10.  Jurisdiction/ Non-US Swap Participants. Swap participants with the ability to move trading to offshore locations may consider the jurisdictional reach of the Act.  In general, the Act does not apply to non-US activities relating to swaps unless those activities have a direct and significant connection with activities in, or an effect on, US commerce or contravene CFTC rules or regulations preventing evasion.  The Act does not apply to non-US activities relating to security-based swaps unless the SEC otherwise has jurisdiction or the activities were designed to evade SEC rules or regulations related to the Act.  The CFTC and SEC will conduct a joint study relating to swap regulation and central clearing in the US, Asia and Europe and report its findings to Congress within 18 months after July 21, 2010.

If the CFTC or SEC determines that the regulation of swaps or security-based swaps in any foreign country undermines US financial stability, either agency, in consultation with the Secretary of Treasury, may prohibit an entity domiciled in that country from engaging in any swap activities in the US. This provision potentially could exclude certain swap participants from the US market if US agencies are not satisfied with the progress of the efforts of foreign regulators to regulate markets outside the US.  Alternatively, the provision could encourage derivatives trading to migrate to less regulated foreign markets.

To read our general overview of the Dodd-Frank Act and its coming deadlines, please click here.

To read our library of writings on Dodd-Frank, please click here.
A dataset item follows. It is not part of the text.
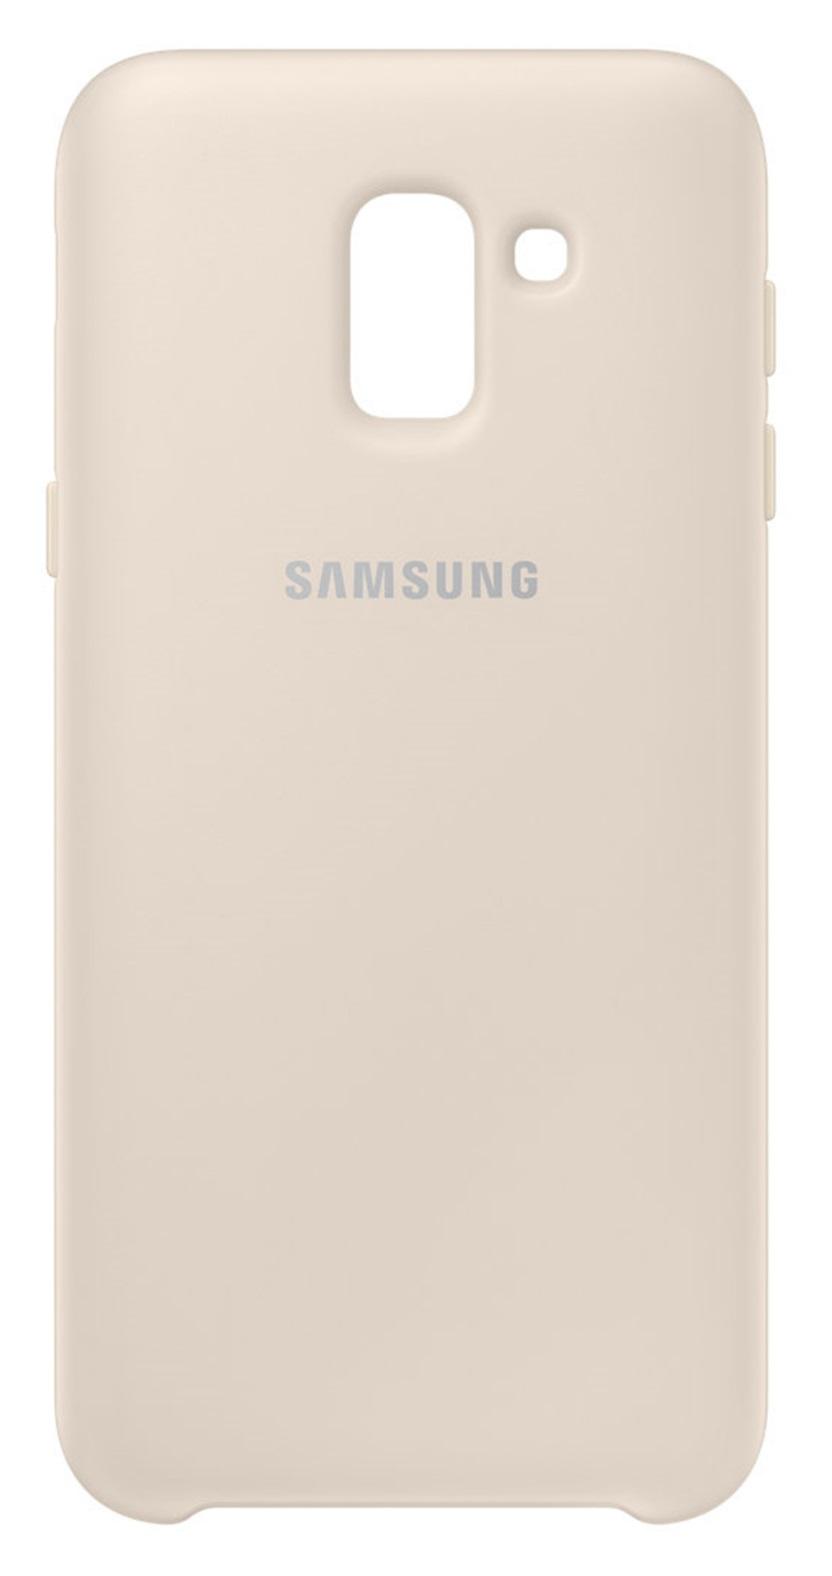 Husa Samsung EF-PJ600CFEGWW Dual Layer (plastic + silicon) aurie pentru Samsung Galaxy J6 2018
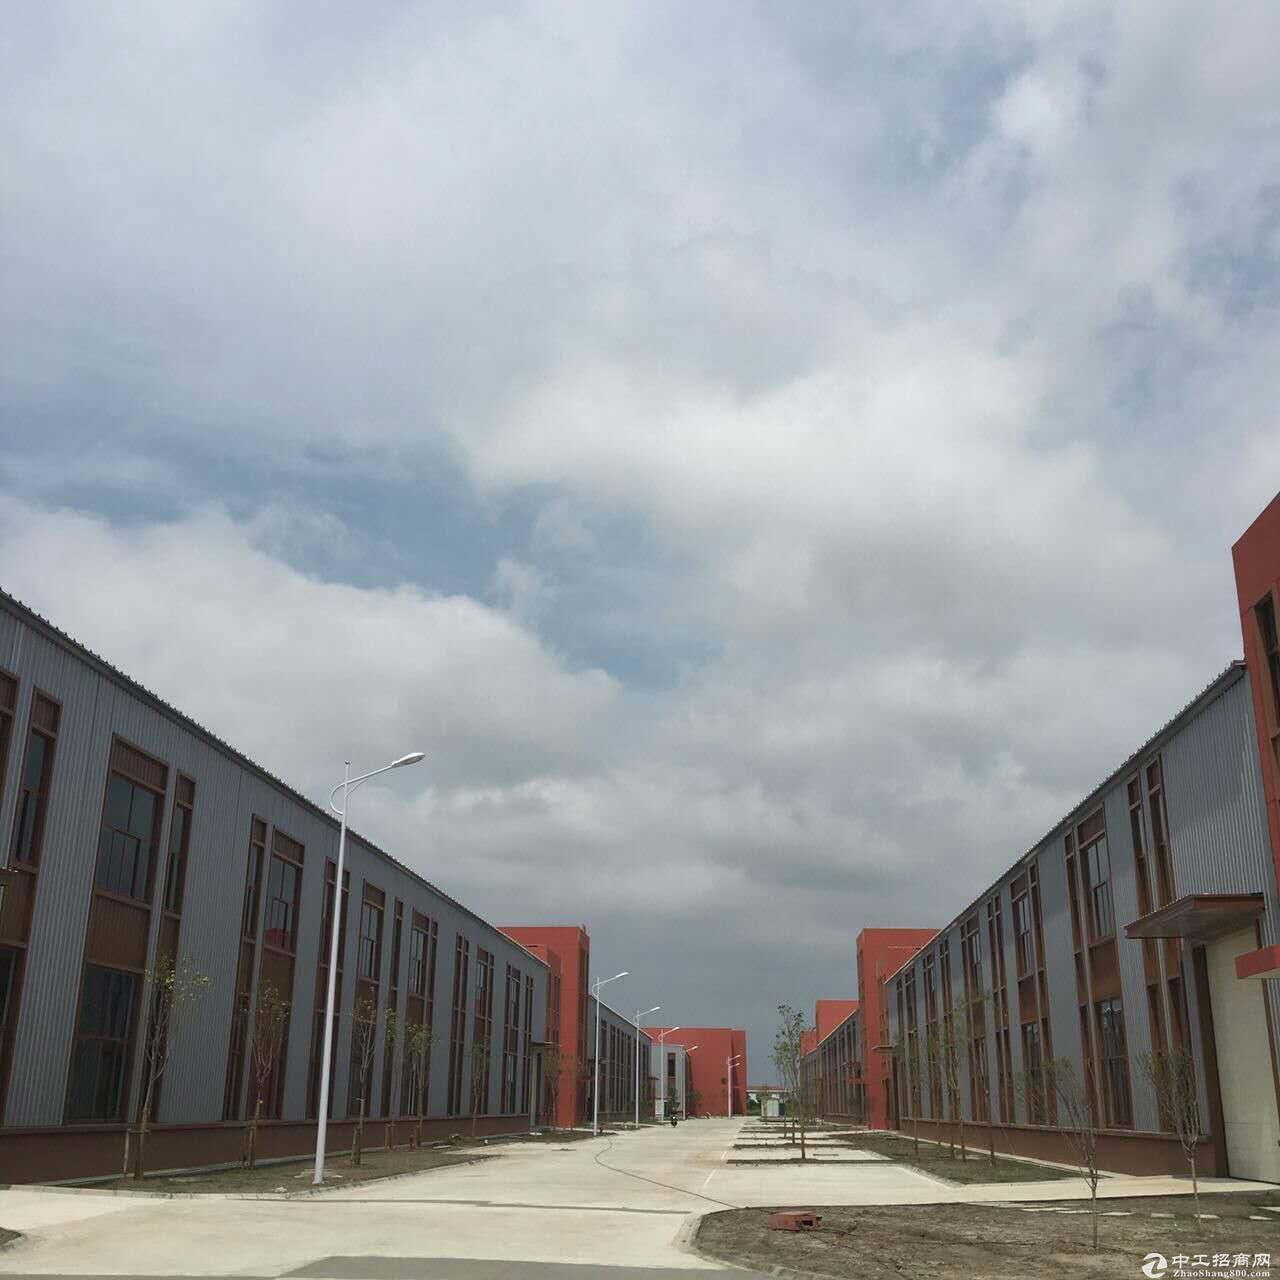 出售园区独立产权厂房,单层10米层高钢结构,双层标准厂房,可架行车,多面积可选-图2

1 The Act defines “swap” broadly to include virtually all OTC derivatives, including foreign exchange transactions.  However, the Secretary of the Treasury is charged with determining whether foreign exchange swaps and foreign exchange forwards (which are defined broadly and may include certain transactions generally considered to be spot transactions) should not be regulated as swaps (other than for purposes of the Act’s reporting requirements and business conduct standards).  Currency options are not expressly included as part of the category of foreign exchange products for which the Secretary of the Treasury is charged with making a determination.

2  The Act defines “security-based swap” to include swaps based on narrow-based security indices, a single security or loan, or the occurrence of an event relating to a single issuer of a security or a narrow-based security index.  Equity derivatives and some credit derivatives are likely to be classified as security-based swaps, although market participants will look to the CFTC and SEC for guidance where ambiguity exists.

3 A “financial entity” includes swap dealers, security-based swap dealers, major swap participants, major security-based swap participants, commodity pools, private investment funds, ERISA plans and persons predominantly engaged in banking or financial activities.  Exceptions exist for affiliates who enter into derivatives in order to hedge commercial risks related to the purchase or lease of products manufactured by such affiliated entities.

4 Permissible investments for national banks generally are considered to include debt instruments, foreign exchanges and certain precious metals but not equity securities, energy products or agricultural commodities.